As sheriff, Regalado has presided over more than $16 million in payouts and verdicts tied to the Tulsa County Jail. Tulsa County settled the Eric Harris excessive-force lawsuit in 2018 for $6 million, three years after the unarmed 44-year-old Black man was fatally shot by 73-year-old reserve deputy Robert Bates during a 2015 sting. Bates claimed he had grabbed his pistol instead of his Taser by mistake.
In 2017, a federal jury hit Regalado’s office with a $10.25 million verdict over the death of Elliott Williams, a 37-year-old U.S. Army veteran left paralyzed on a Tulsa jail cell floor for five days while staff tossed food trays at his feet and placed a cup of water out of his reach. Regalado was named in both lawsuits in his official capacity.
What is likely to count in Regalado’s favor in getting the Trump thumbs-up is that his MAGA credentials run deep.
In April 2021—just three months after the Jan. 6 Capitol attack—Regalado, dressed in his sheriff’s uniform, spoke at the so-called “Health and Freedom Conference” at Rhema Bible College in Broken Arrow, Oklahoma, which was chock-full of conspiracy theorists.
The lineup, Public Radio Tulsa reported, included MyPillow CEO and 2020 election denier Mike Lindell, lawyer Lin Wood—who has called for the execution of former Vice President Mike Pence—pro-Trump attorney Sidney Powell, Jan. 6 defendant Dr.

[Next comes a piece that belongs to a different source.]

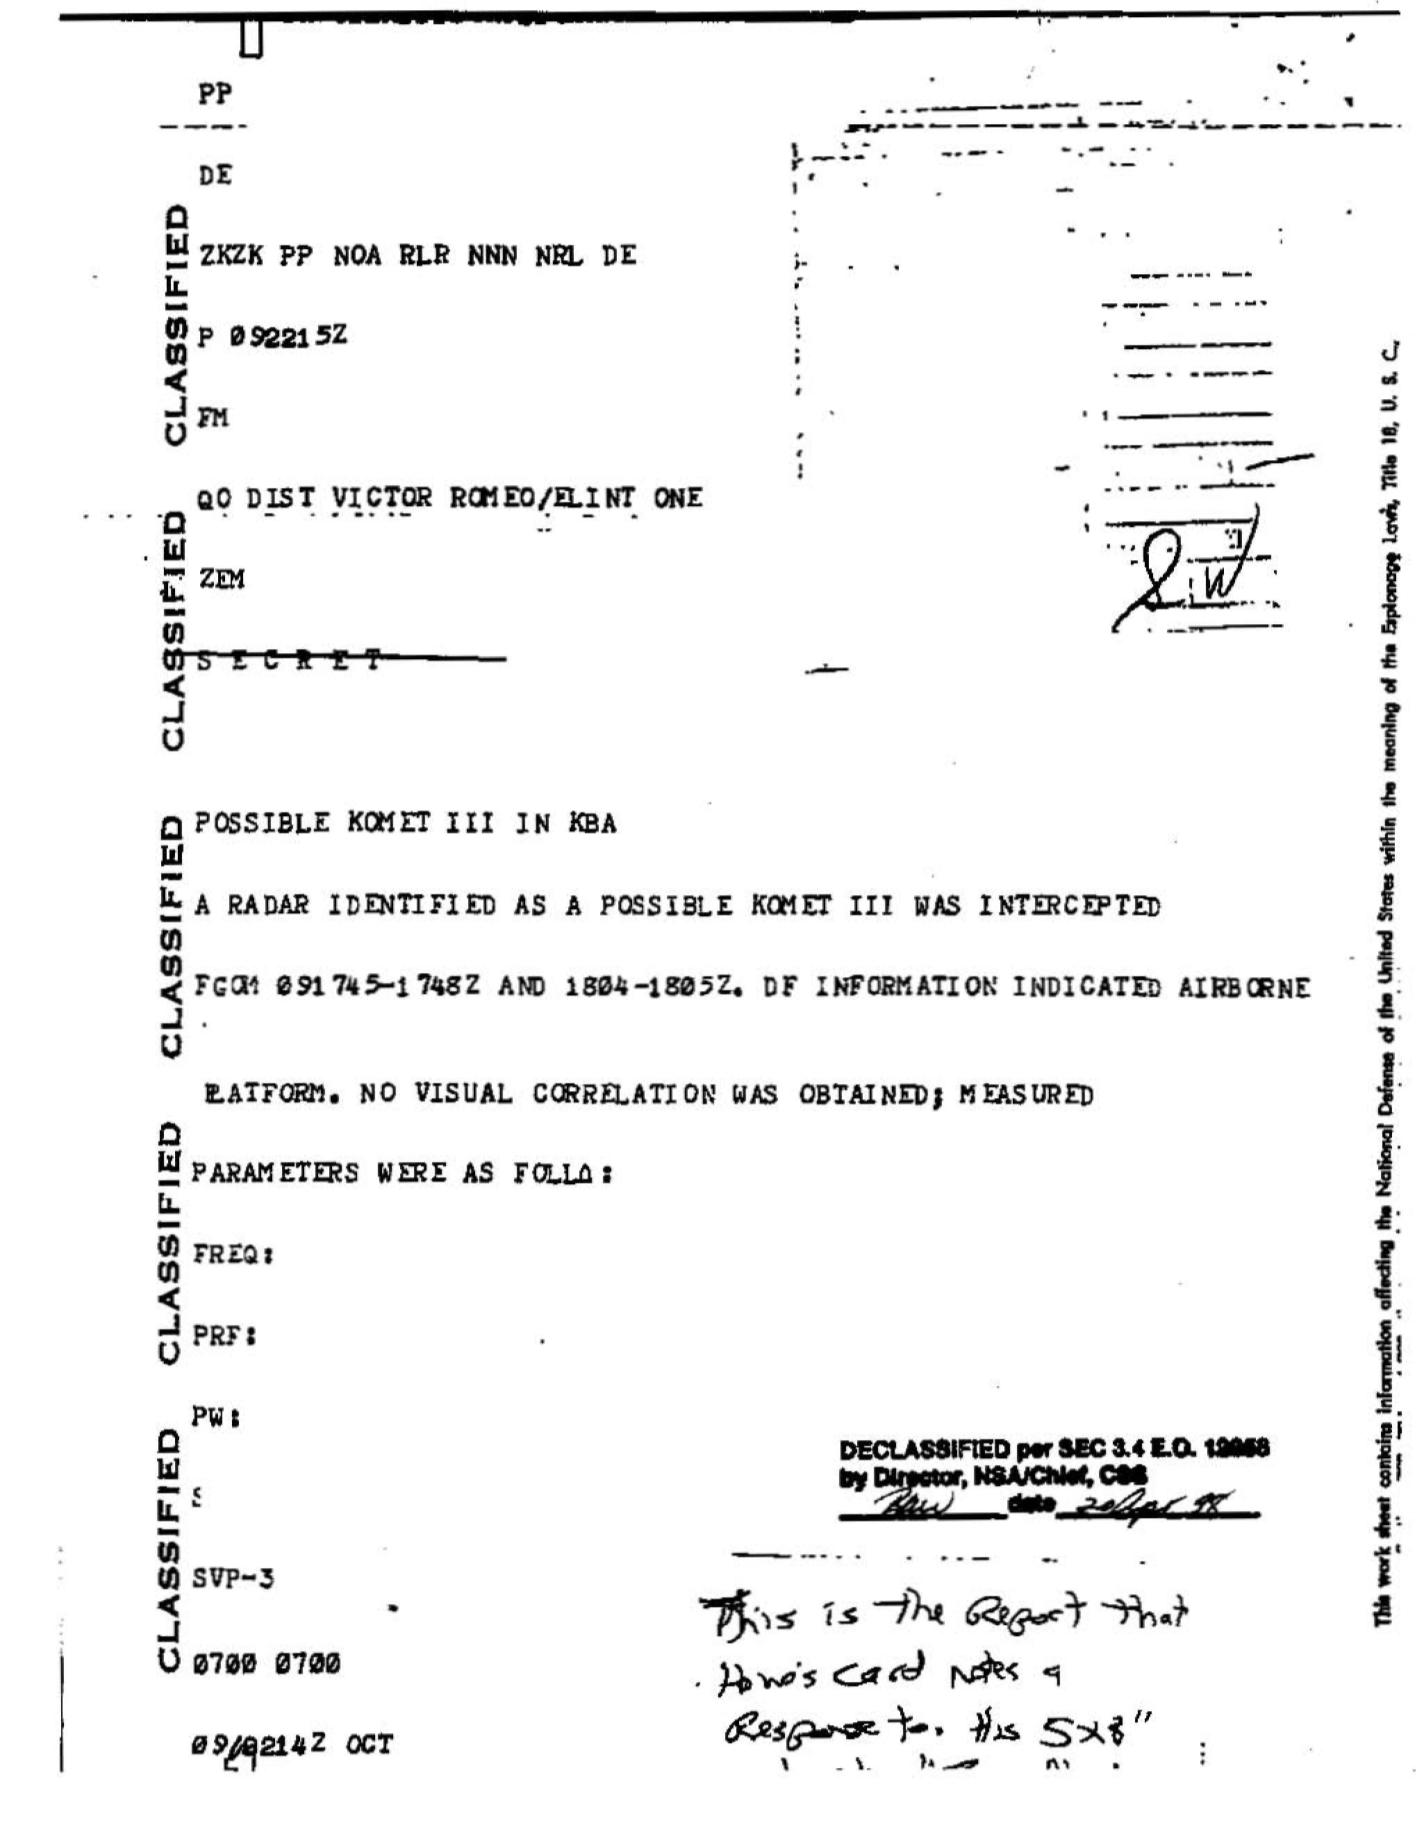 9_OCTOBER_DIRNSA_MESSAGE.PDF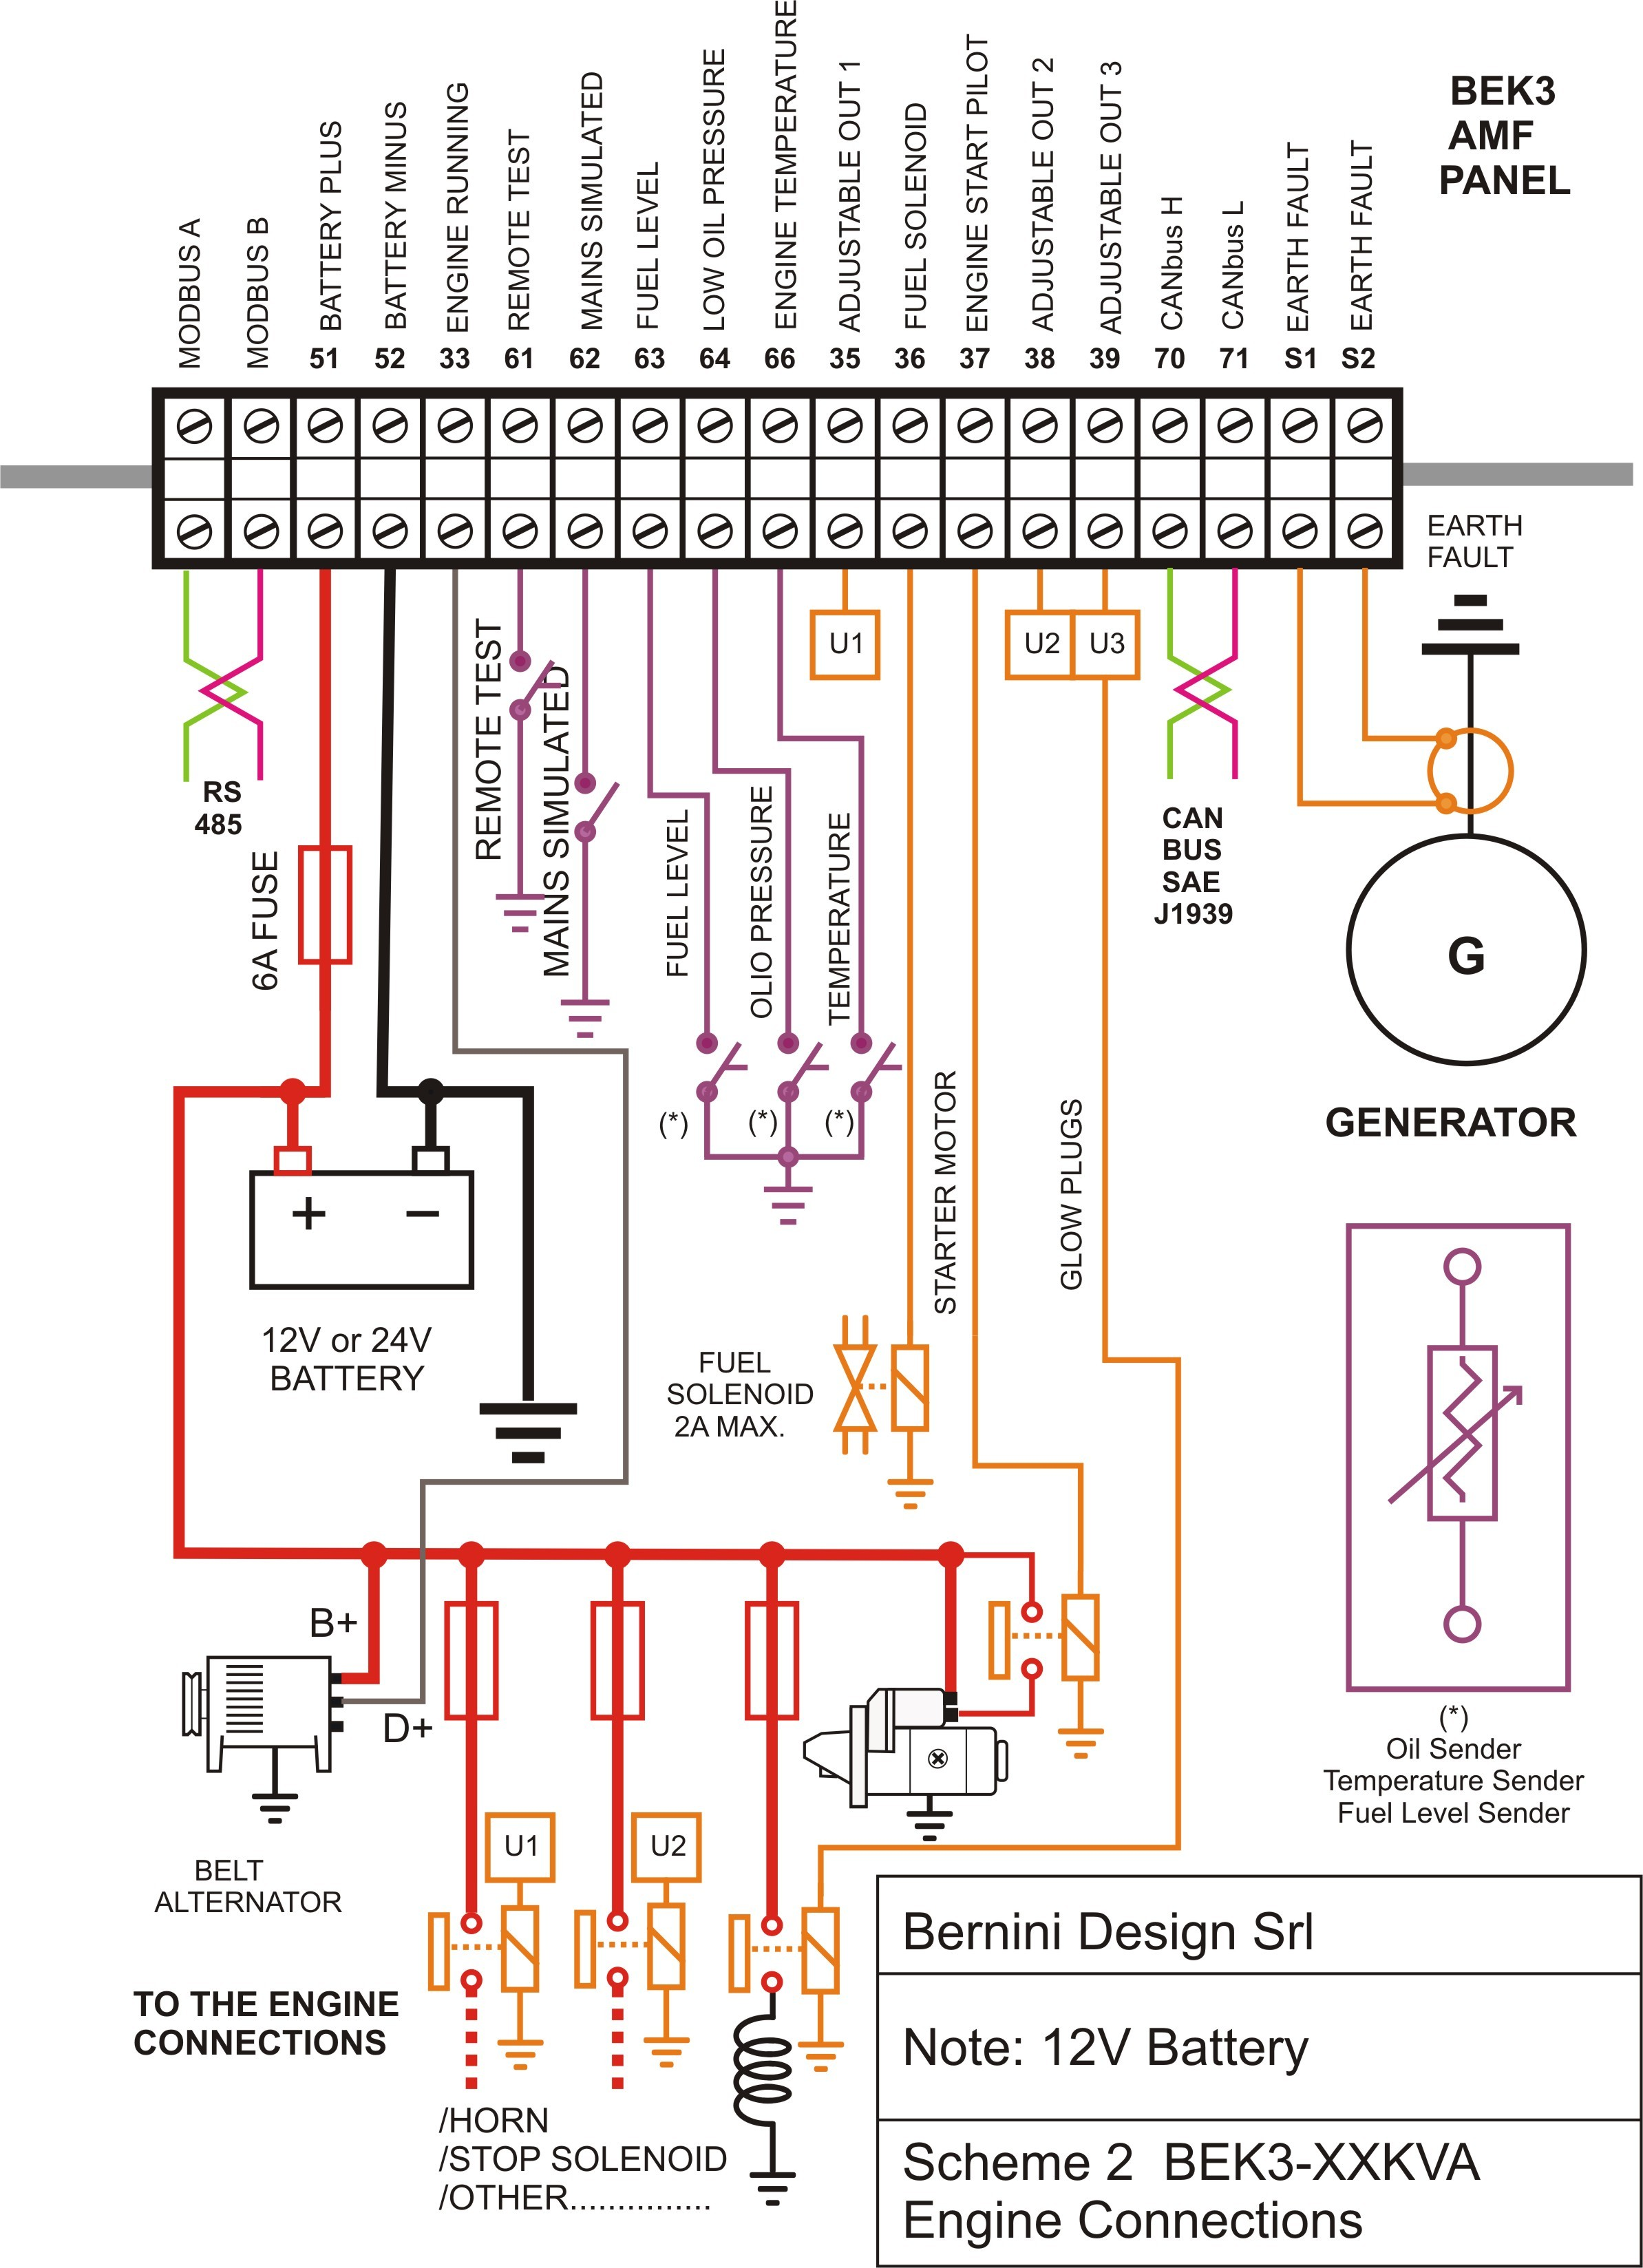 diesel engine block diagram ford f350 fuse box diagram engine rh detoxicrecenze com Fuel Filter Diagram Diesel Exhaust Fuel

Simone Gold, and disgraced former Trump national security adviser Michael Flynn, whom Regalado later said was a “great guy.”
Also speaking at the event was Passion of the Christ actor Jim Caviezel, who used his slot to push the QAnon adrenochrome conspiracy theory.
The conference closed with a COVID-19 mask-burning ceremony.

Regalado also warmed up the crowd at Trump’s notorious 2020 Tulsa rally—the only local elected official granted a primetime speaking slot—and starred in television ads for Trump-aligned Sen. Jim Inhofe.
He has refused to call the Jan. 6 attack an insurrection. He told the Tulsa World editorial board in 2021 that he didn’t know whether the 2020 presidential election had been “free and fair.”
Mullin said last month that his goal at DHS was to carry out deportations “in a more quiet way,” and to no longer be the lead story in the news every day.
Installing a sheriff who has shared a stage with QAnon believers, bought his promotion, and presides over the most expensive jail-death tab in Tulsa County history would be a curious way to deliver on that promise.
PunchUp contacted the Department of Homeland Security, ICE, and Regalado for comment. A DHS spokesperson said it had “no personnel announcements to make at this time,” while a White House official said the president was “considering multiple candidates for the role.” Neither denied that Regalado was among them. Regalado did not respond.